Structural Plasticity and Functional Implications of Internal Cavities in Distal Mutants of Type 1 Non-Symbiotic Hemoglobin AHb1 from Arabidopsis thaliana

Nonsymbiotic hemoglobin AHb1 from Arabidopsis thaliana combines an extremely high oxygen affinity with an internal hexacoordination of the distal histidine HisE7 to the heme iron in the absence of exogenous ligands. In order to gain insight into the structure−function relationships of the protein, the ligand binding properties of mutants of two conserved residues of the distal cavity, HisE7 → Leu and PheB10 → Leu, were investigated by experimental and computational studies and compared to results determined for the wild type (wt) protein. The Fe2+-deoxy HisE7 → Leu mutant exists in the pentacoordinated form, while a mixture of penta- and hexacoordinated forms is found for the PheB10 → Leu mutant, with an equilibrium shifted toward the pentacoordinated form with respect to the wt protein. Spectroscopic studies of the complexes of CO and CN− with AHb1 and its mutants show a subtle interplay of steric and electrostatic effects by distal residues on the ligand binding to the heme.

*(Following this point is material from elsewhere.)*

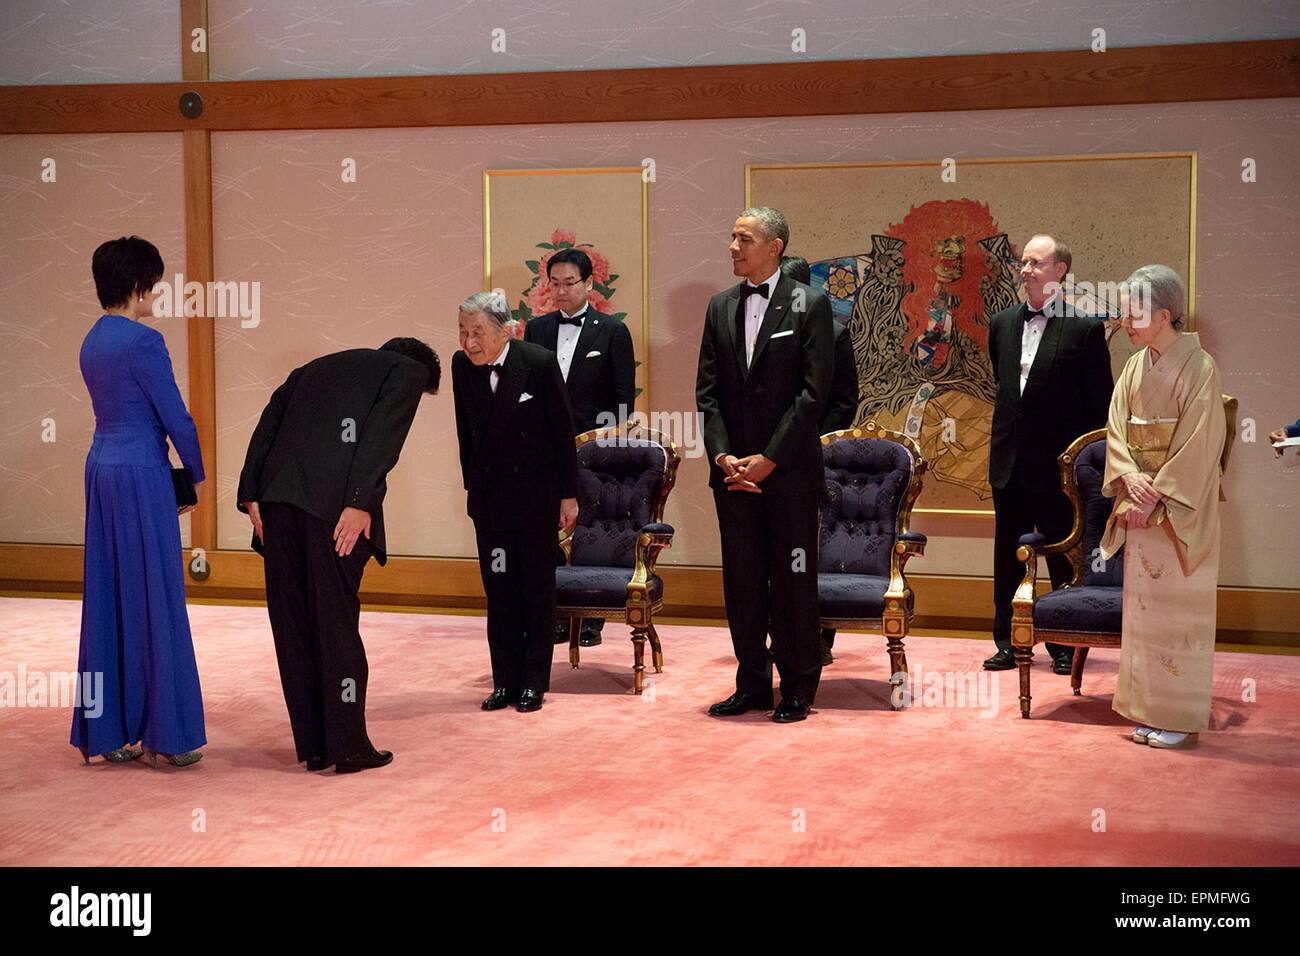 Japanese Prime Minister Shinzo Abe and wife Akie Abe bow as they greet Emperor Akihito as U.S. President Barack Obama and Empress Michiko look on prior to a state dinner at the Imperial Palace April 24, 2104 in Tokyo, Japan. Stock Photo

Moreover, stopped-flow and flash photolysis experiments reveal substantial kinetic differences triggered by those mutations, which are particularly manifested in the enhanced geminate rebinding and bimolecular association rate. These findings are discussed in light of the drastic alterations found by molecular dynamics simulations in the nature and distribution of internal cavities in the protein matrix of the mutants, revealing an extremely large sensitivity of the protein structure to changes in distal HisE7 and PheB10 residues. Overall, data are consistent with the putative NO-dioxygenase activity attributed to AHb1.